Wesley’s original wording was, “Hark, how all the welkin rings, Glory to the King of Kings!” Don’t worry; I had to look it up too. Welkin is the vault of Heaven. The idea is that the very universe rings like a bell in praise and adoration of this tiny, unassuming little boy to whom no earthly attention is paid. Sally, Snoopy and the gang were so caught up in all the trivial trappings of the winter wonderland around them that they couldn’t see the true meaning of Christmas.

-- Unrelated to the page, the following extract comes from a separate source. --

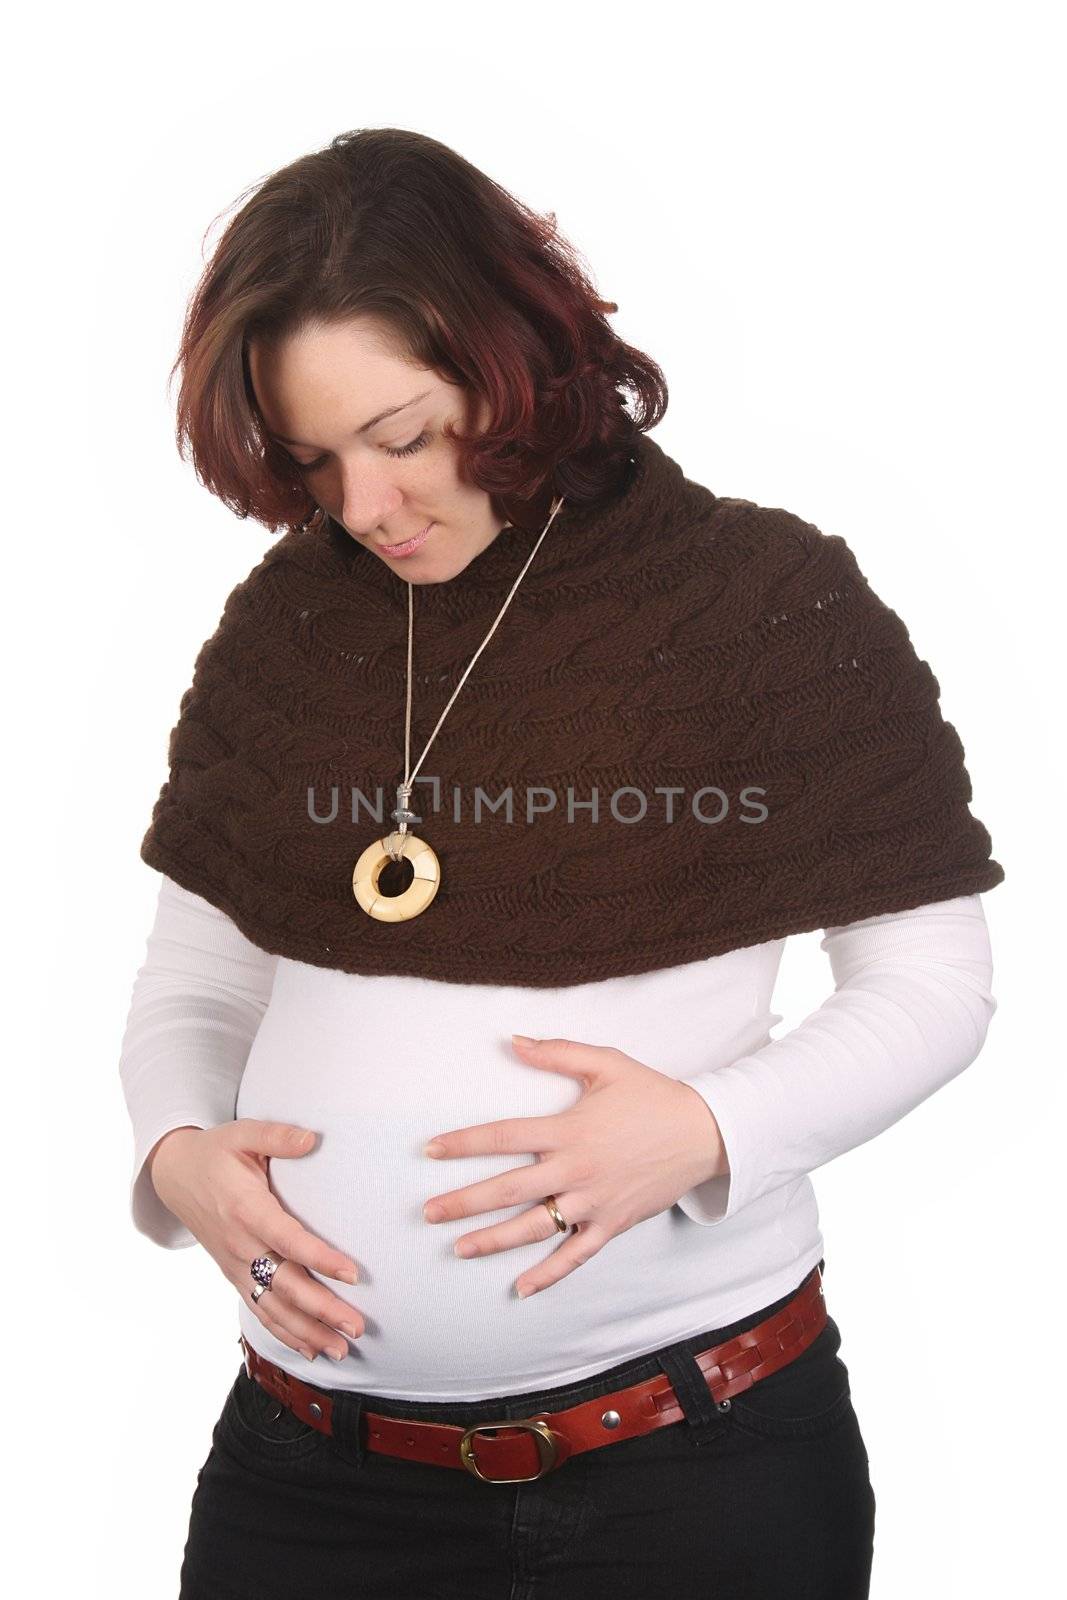 pregnant woman holding belly on white background

Finally, when exasperated Charlie Brown exclaims that he just can’t stand it anymore, Linus begins his recitation of the passage in Luke that has become an iconic moment in television: a point of clarity amidst a world of confusion. The true meaning of Christmas is easy to miss even among all the shepherds and wise men and angels if we’re not careful to place Christ in his rightful place of supremacy. He was only tiny when viewed with earthly eyes. Praise God that He saw fit to give us hymns like “Hark, The Herald Angels Sing” to keep His true majesty on our hearts and minds. How fitting, then, that it is Wesley’s carol that Charlie and the gang sing to give all praise and glory and honor to the rightful center of our Christmas celebrations.